[TASK STATEMENT]: Starting at the line holding "牛全身器官部位图解图片" and finishing at the line holding "Keep calm and", transcribe the material exactly, keeping both ends but no pictures.
RECORDS PROVIDED below:
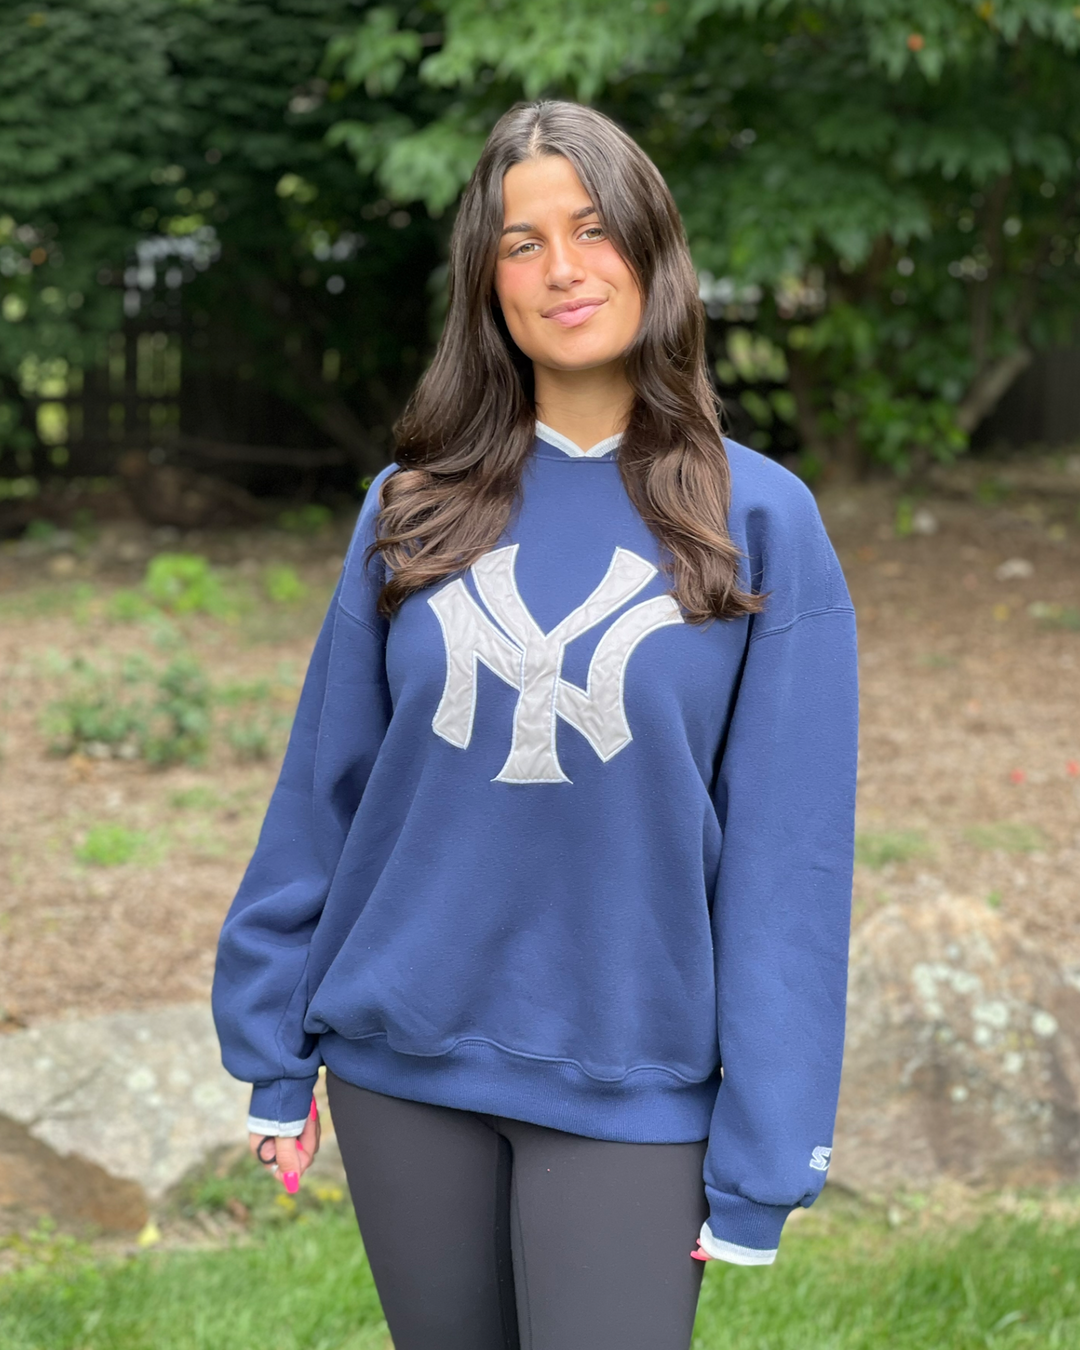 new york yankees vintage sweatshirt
End of RECORDS PROVIDED.
RECORDS PROVIDED below:
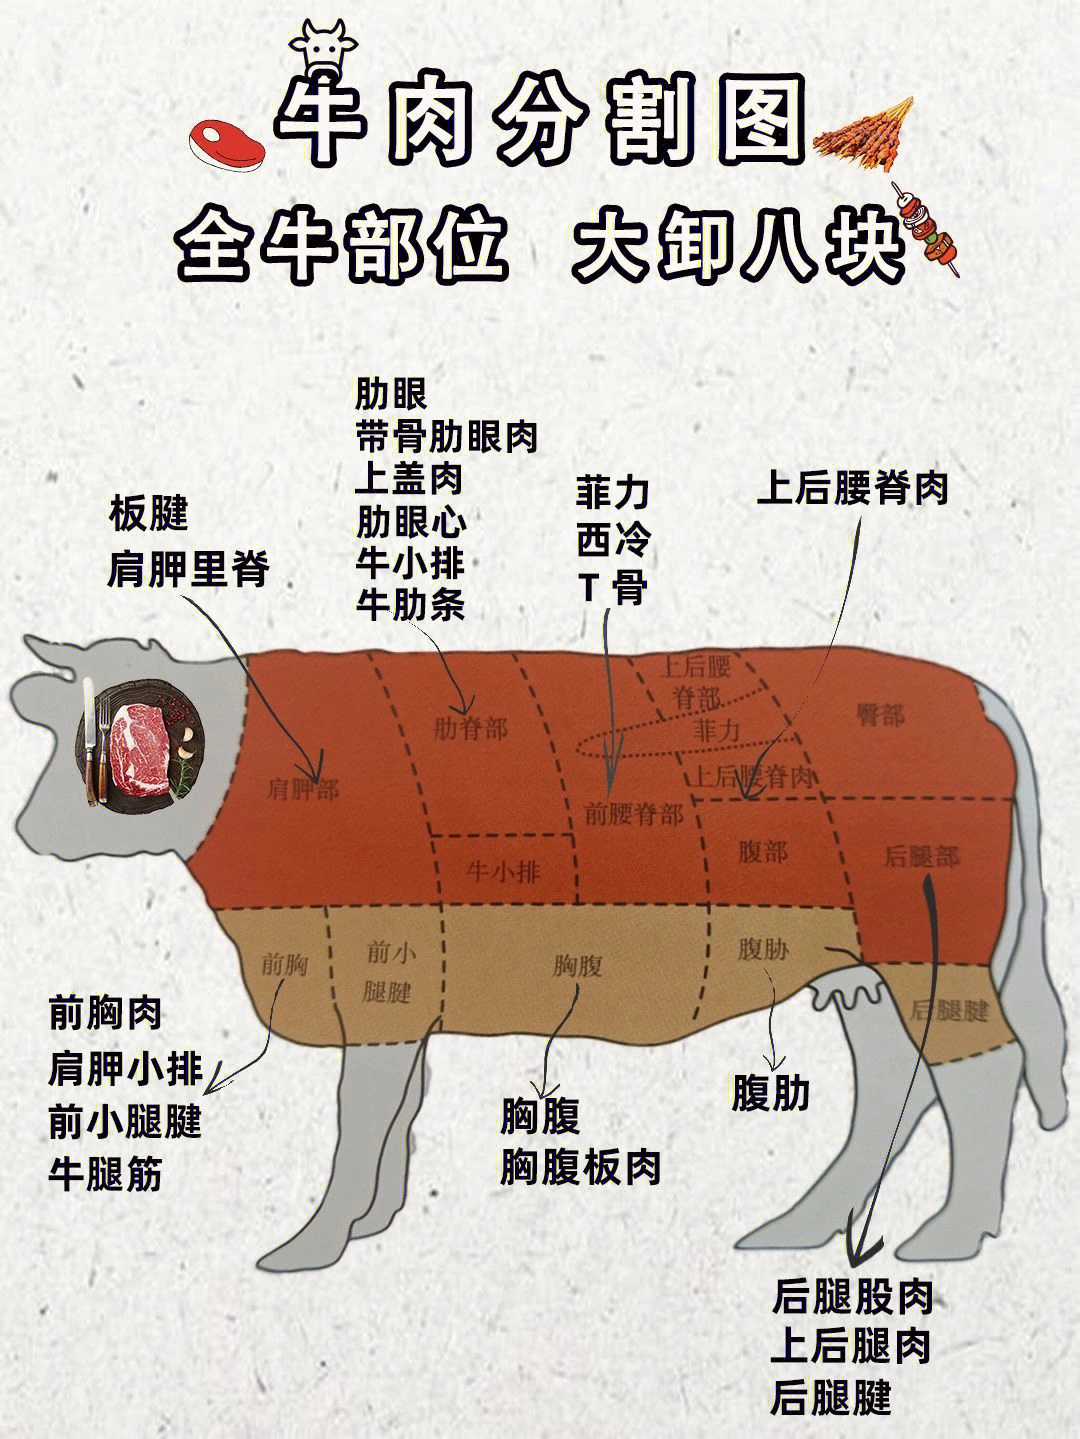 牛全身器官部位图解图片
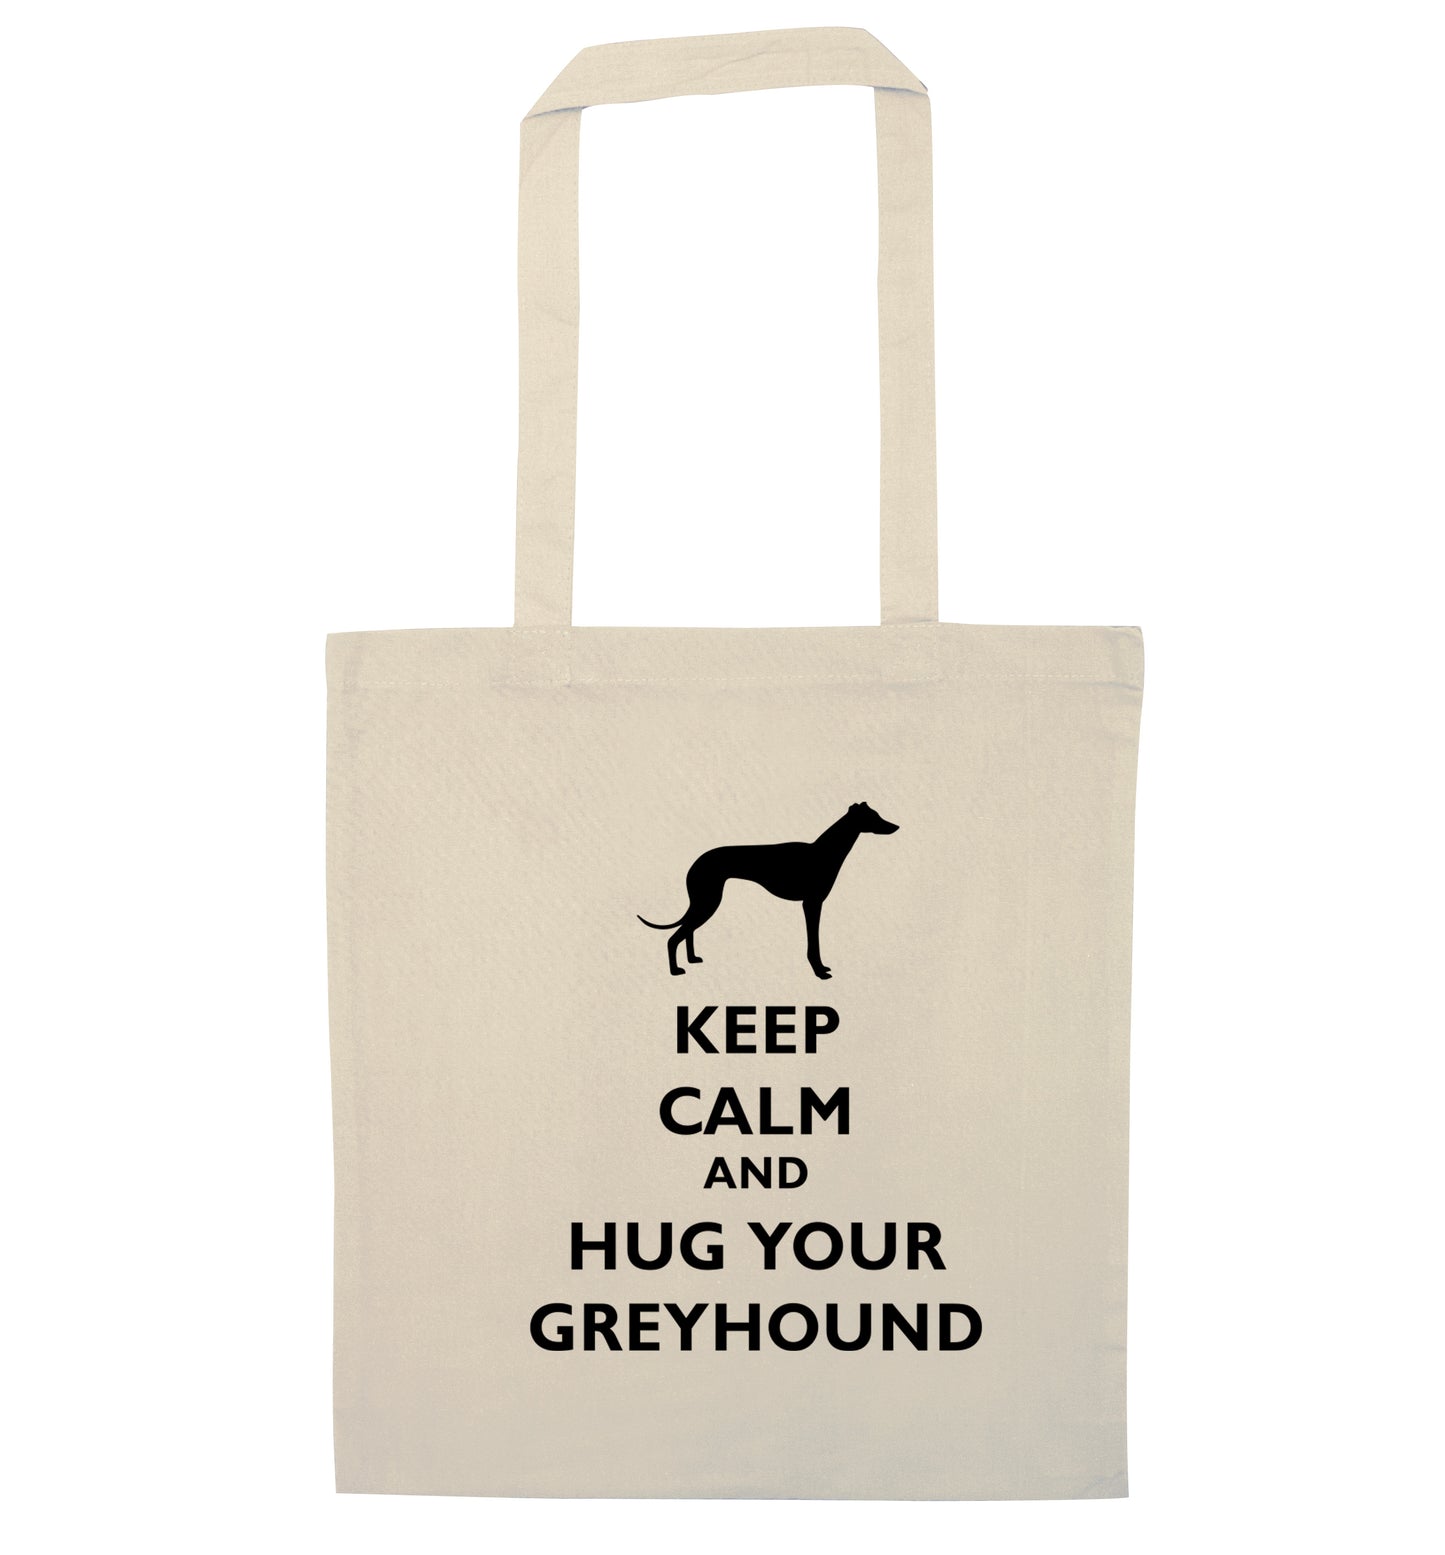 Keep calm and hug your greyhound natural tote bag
End of RECORDS PROVIDED.
[THE ANSWER]:
 牛全身器官部位图解图片
 Keep calm and hug your greyhound natural tote bag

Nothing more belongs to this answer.